In December, 1990, Reine admitted violating his probation and was sentenced to 120 days in the county jail. After his release from jail, he again was placed on two years' probation. In April 1991, a month after his release from jail and reinstatement to probation, Reine's probation officer alleged that Reine had violated probation five more times. These alleged violations included, among other things, failure to pay restitution and the costs of supervision, and possession of stolen property. At the hearing, the court held that four of these violations were not proved by the state. The fifth allegation was that Reine had failed to abide by the first condition in the probation supervision agreement. Condition number one of the Standard Agreement of Supervision stated: "LAWS AND COOPERATION: I [Reine] shall respect and obey all laws and comply with any lawful request of my supervising officer or an agent of the Division of Probation and Parole."

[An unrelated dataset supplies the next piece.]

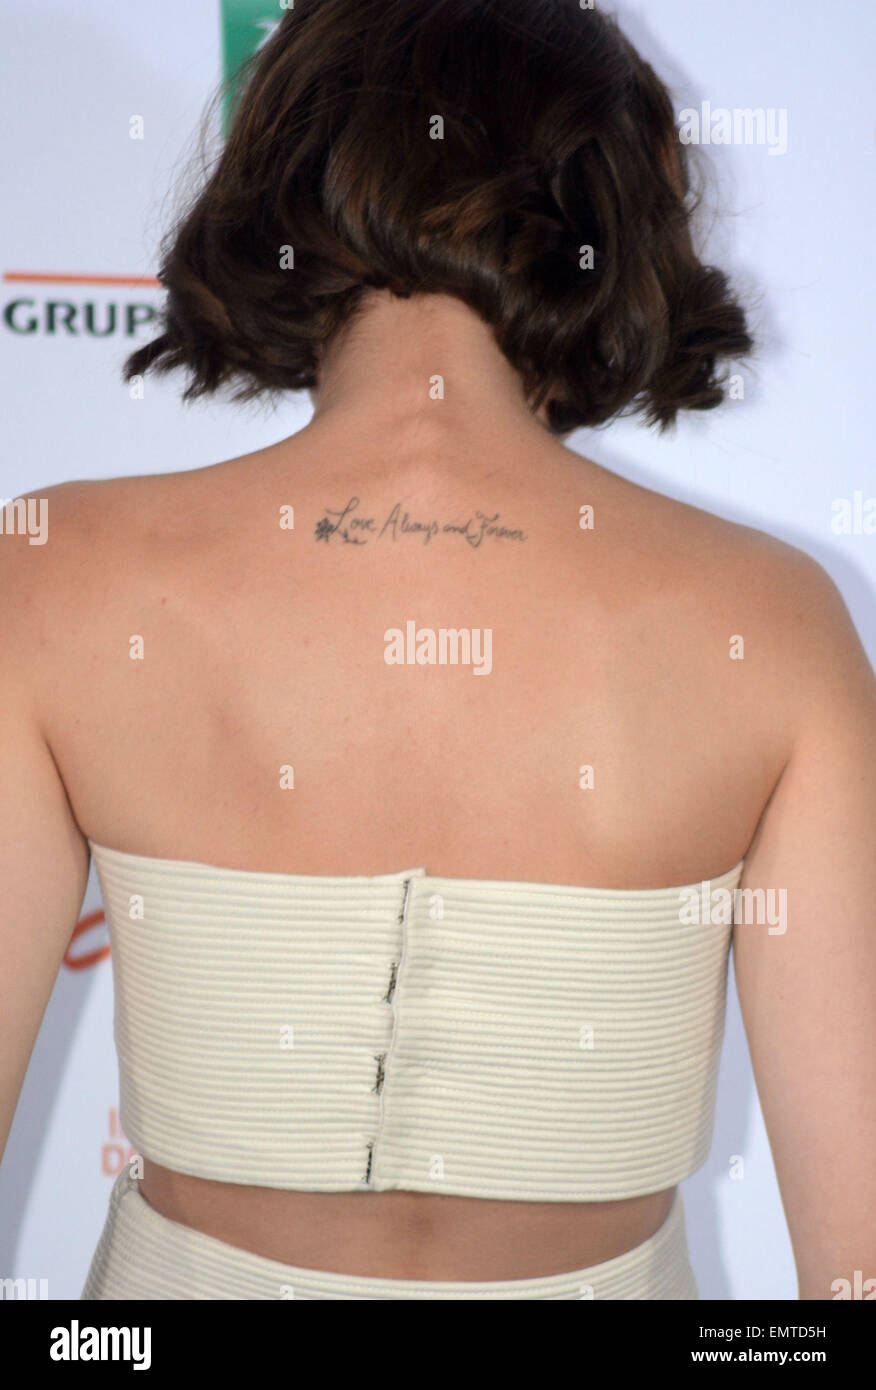 Does Lily Collins Have a Tattoo The Meanings  Tattoo Glee

Under authority of this condition, Reine's probation officer instructed him not to drive or let anyone else drive Reine's car until Reine purchased insurance for it. The probation officer then claimed that, while the car was uninsured, Reine had driven the car and had let his girlfriend drive it. The court determined that there was insufficient evidence that Reine had personally driven the car without insurance. However, the state proved that Reine let his girlfriend drive it. The court found this to be a violation and held that "the request of the department to have the car parked and not driven by anyone (until insured) is a lawful and reasonable request of the department relative to their supervision of the defendant on probation." The court revoked probation and ordered Reine's sentence be executed.

Reine's first and second arguments are that there was no affirmative indication that he knew of the condition and that the condition was not reasonably related to his crime. Neither of these issues were raised below. Issues not raised at the trial court level may not be raised for the first time on appeal. State v. Mauro, 121 Idaho 178, 824 P.2d 109 (1991); State v. Denny, 122 Idaho 563, 835 P.2d 1374 (Ct.App.1992). An exception to this rule applies if the issue raised on appeal addresses a fundamental right. Mauro, supra. An error implicating a fundamental right is an error "which so profoundly distorts the trial that it produces manifest injustice and deprives the accused of his constitutional right to due process." Mauro, 121 Idaho at 180, 824 P.2d at 111.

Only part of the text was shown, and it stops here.